-------- RECORDS FOR PROCESSING

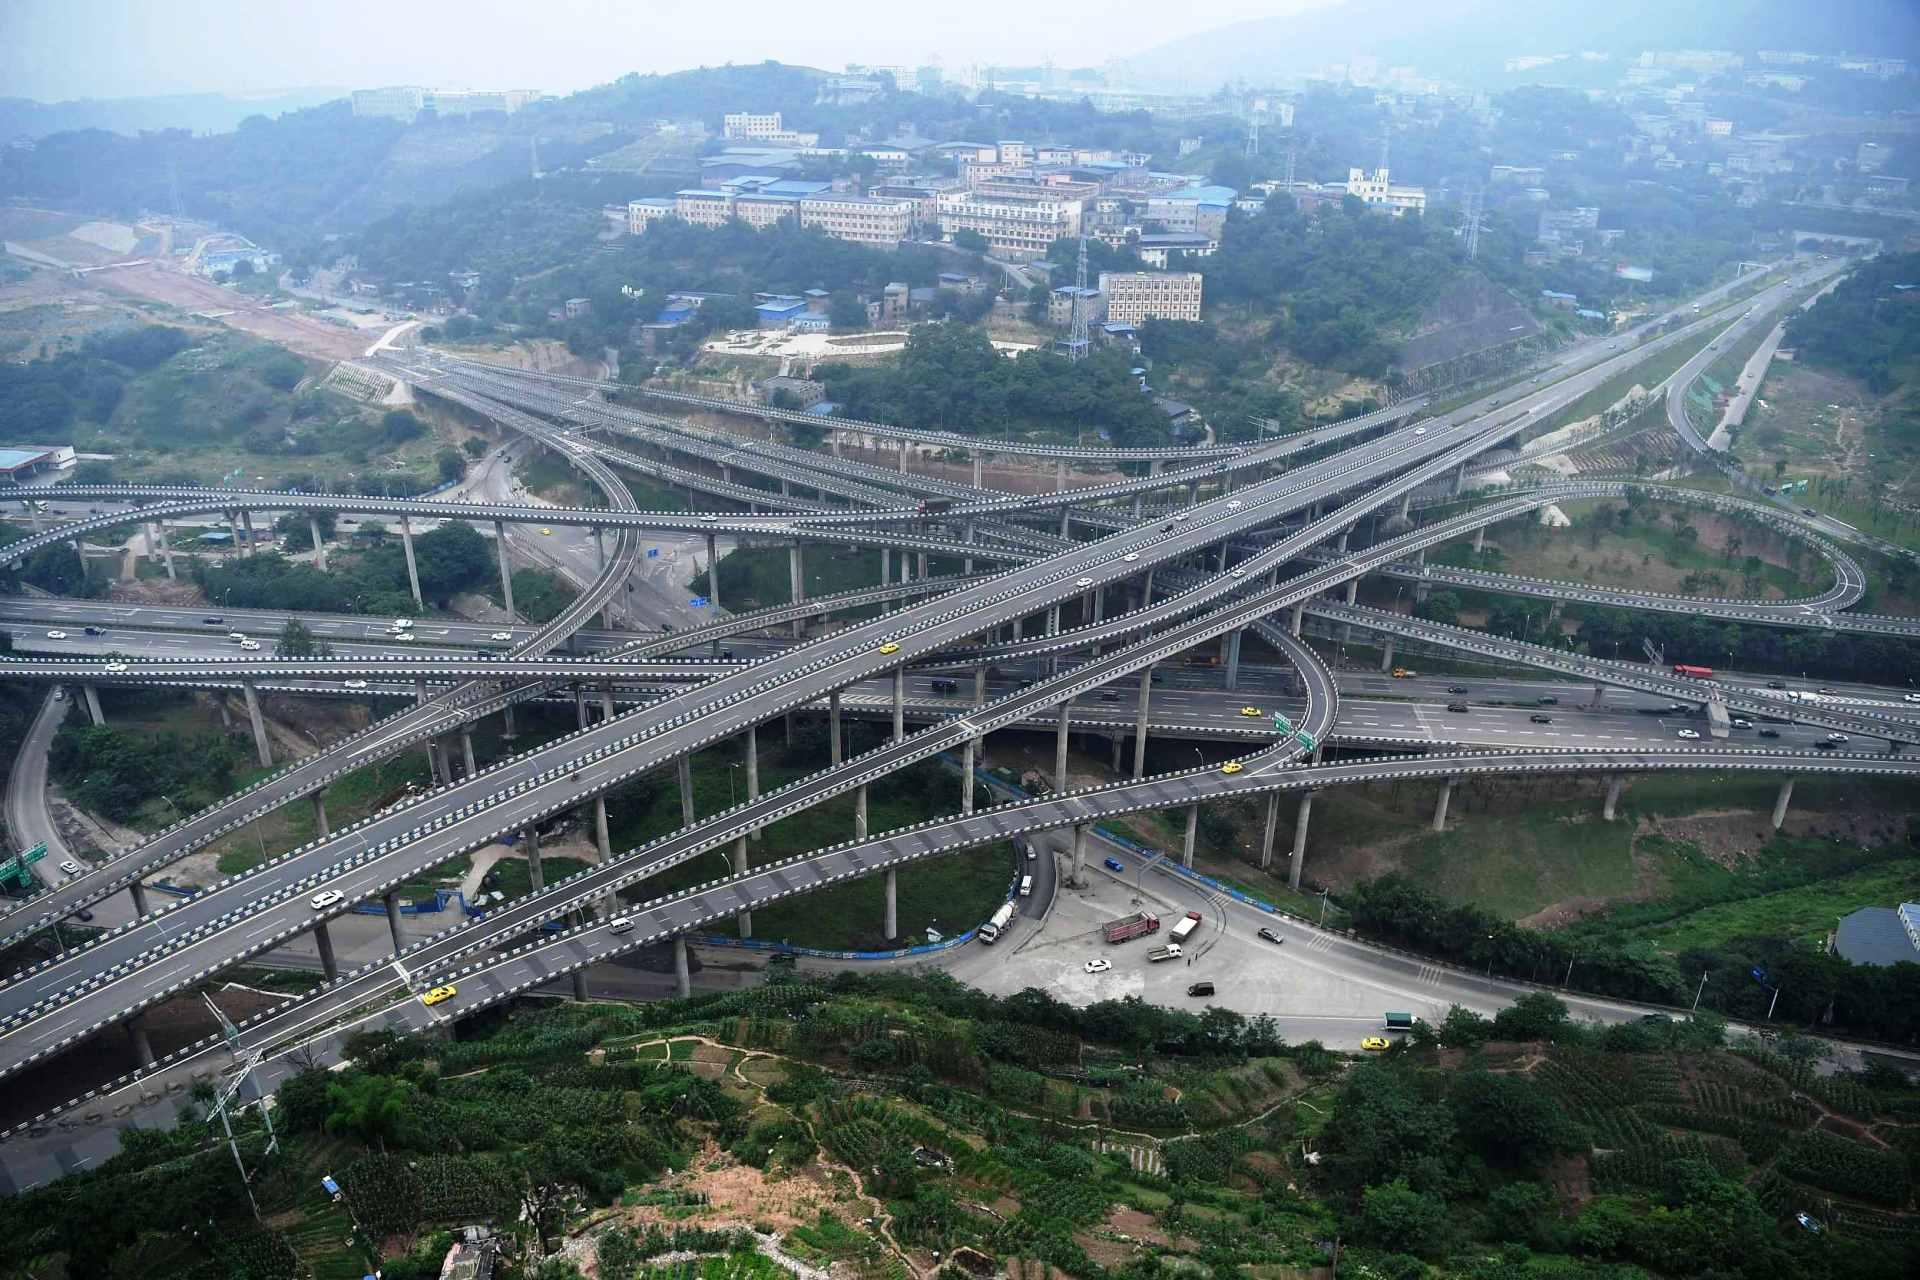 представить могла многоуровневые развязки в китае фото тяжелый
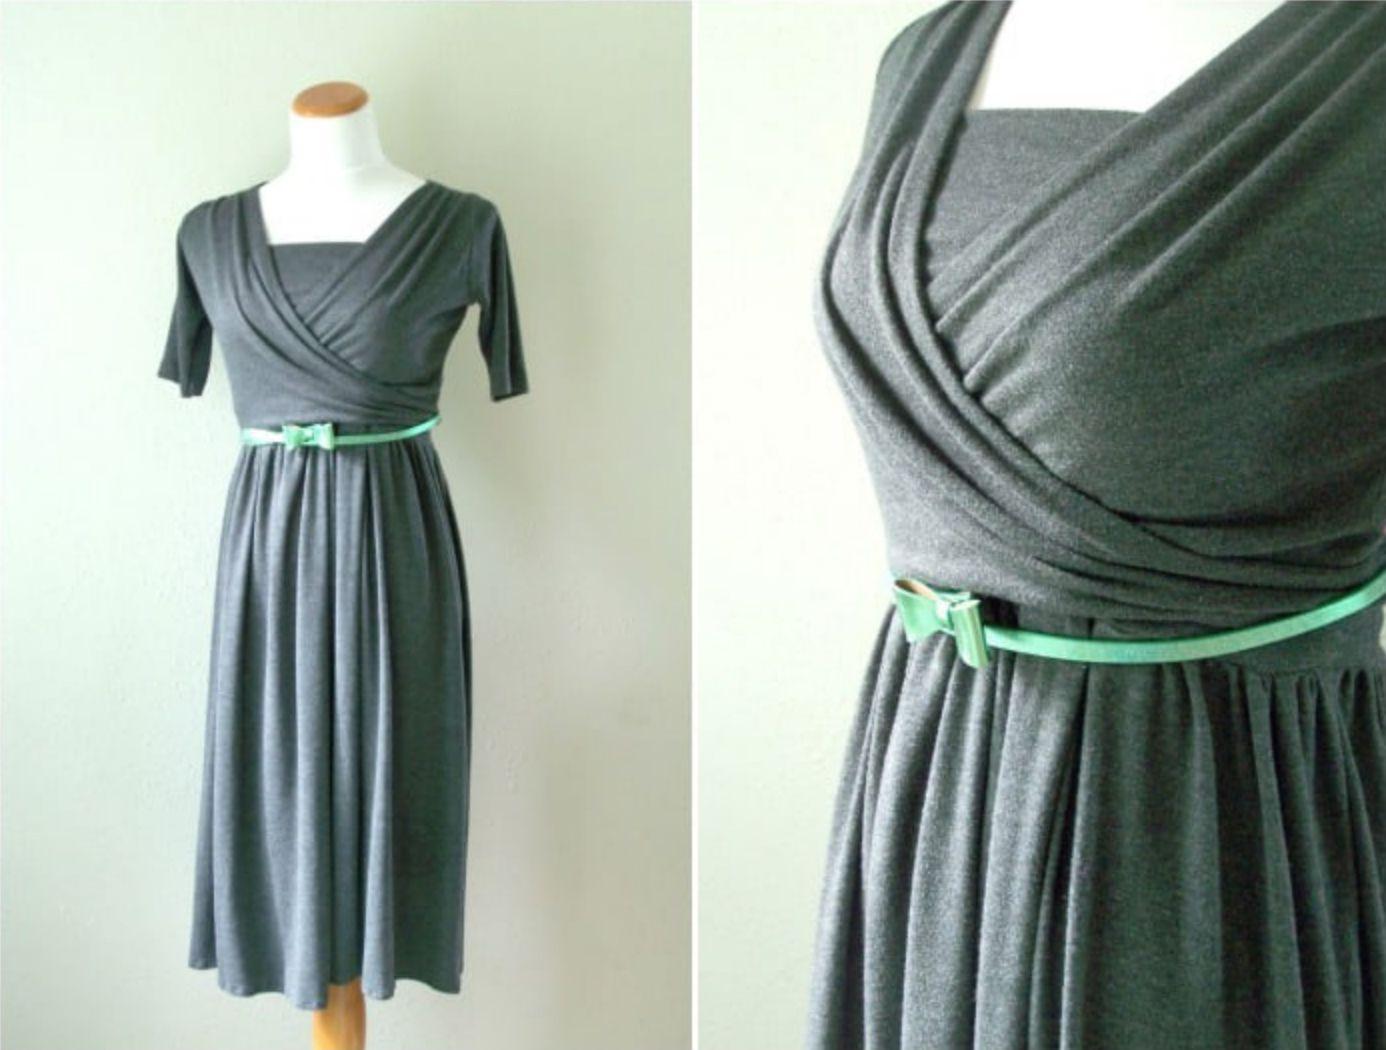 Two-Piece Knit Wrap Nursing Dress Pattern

----------------
-------- RECORDS FOR PROCESSING

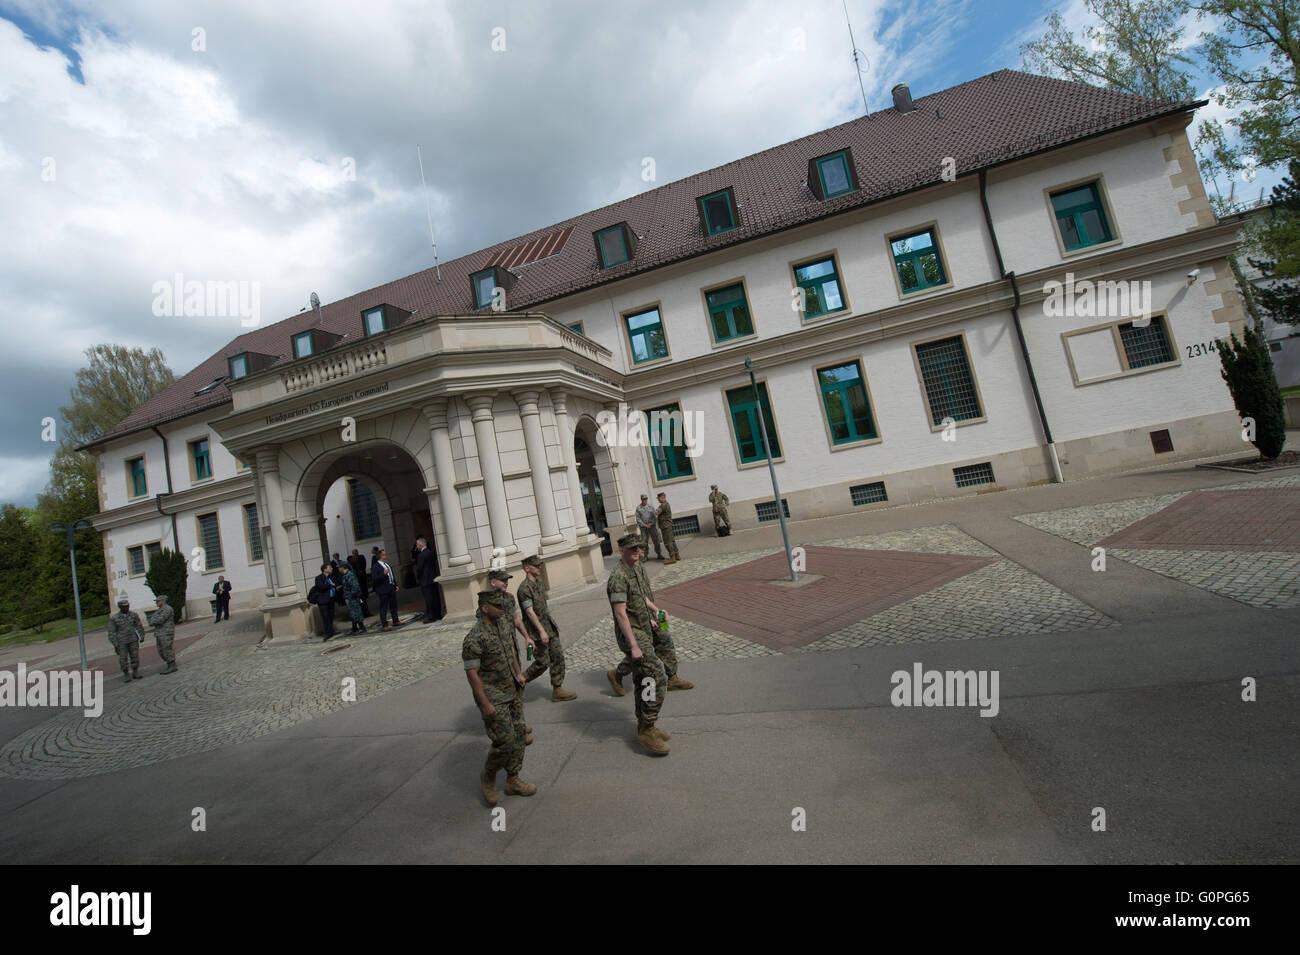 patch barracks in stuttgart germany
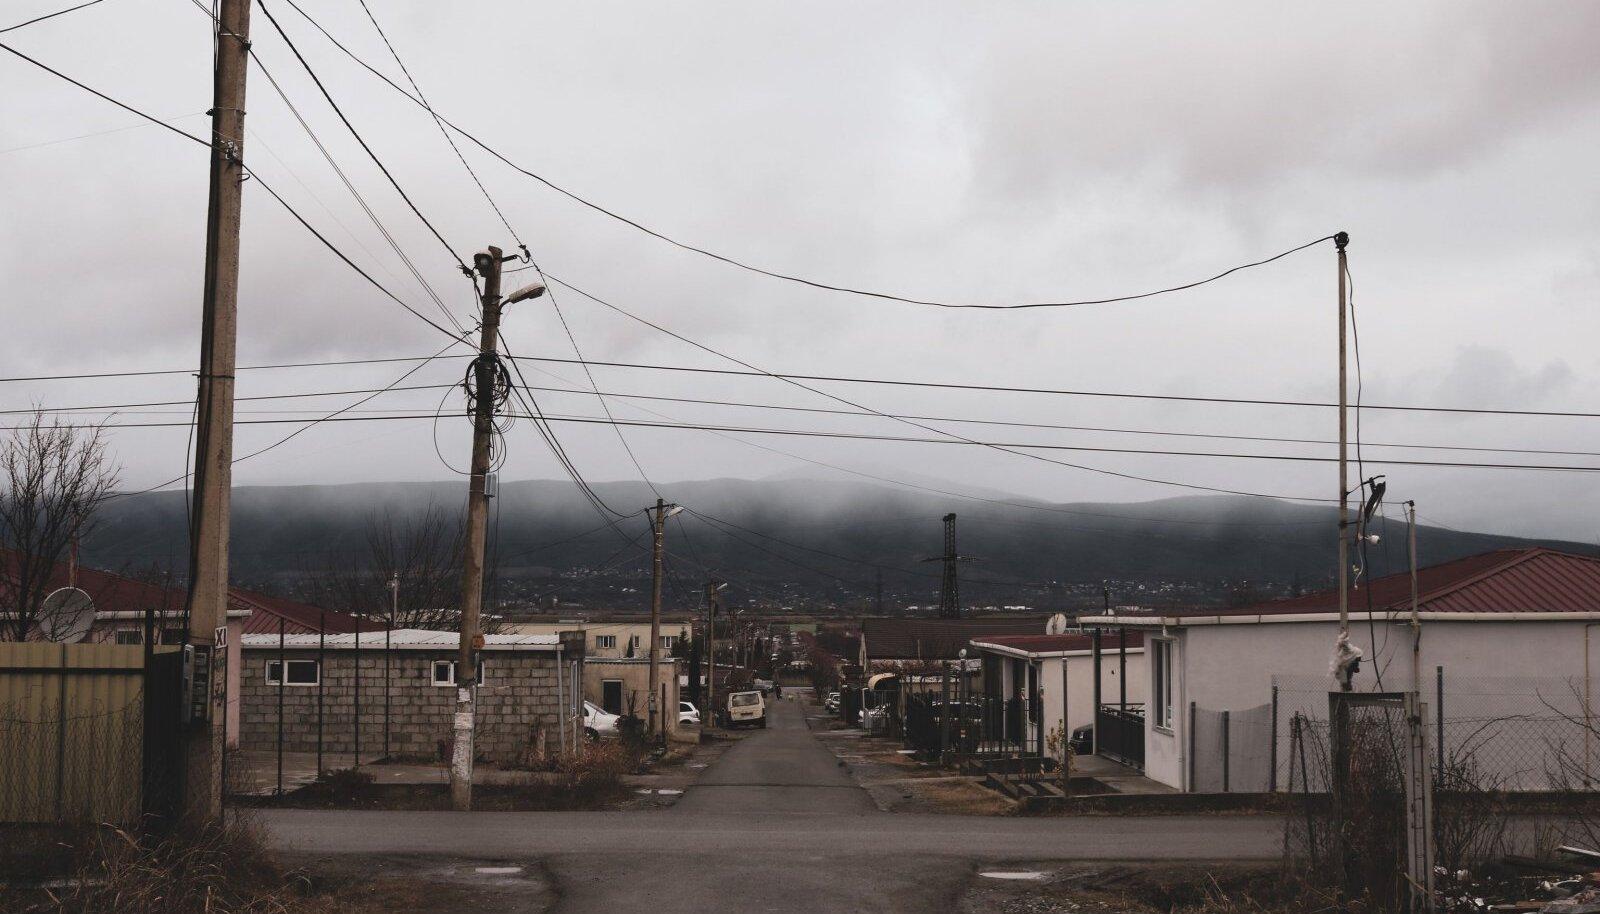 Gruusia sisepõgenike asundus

----------------
-------- RECORDS FOR PROCESSING

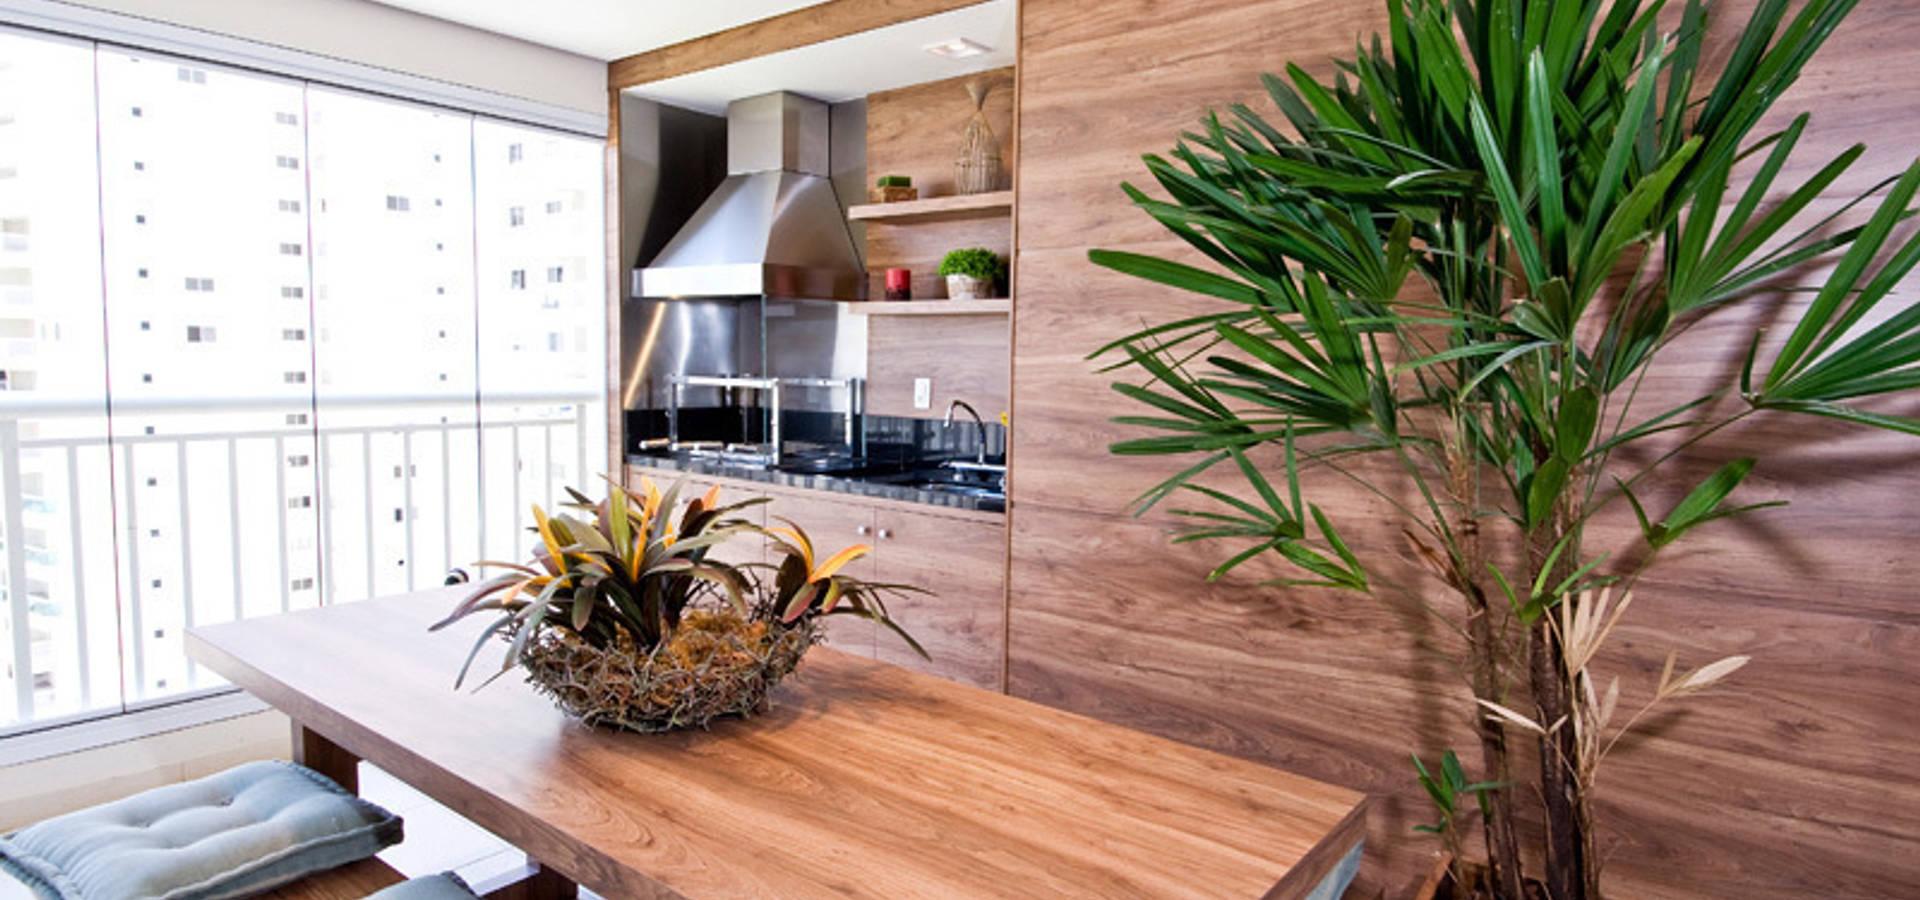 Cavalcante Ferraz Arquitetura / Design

----------------

WHAT IS NEEDED
Starting with the line above that holds "patch barracks in stuttgart germany", restate each line word for word up to and including the line that holds "Gruusia sisepõgenike asundus". Drop the pictures.

COMPLETED TASK
 patch barracks in stuttgart germany
 Gruusia sisepõgenike asundus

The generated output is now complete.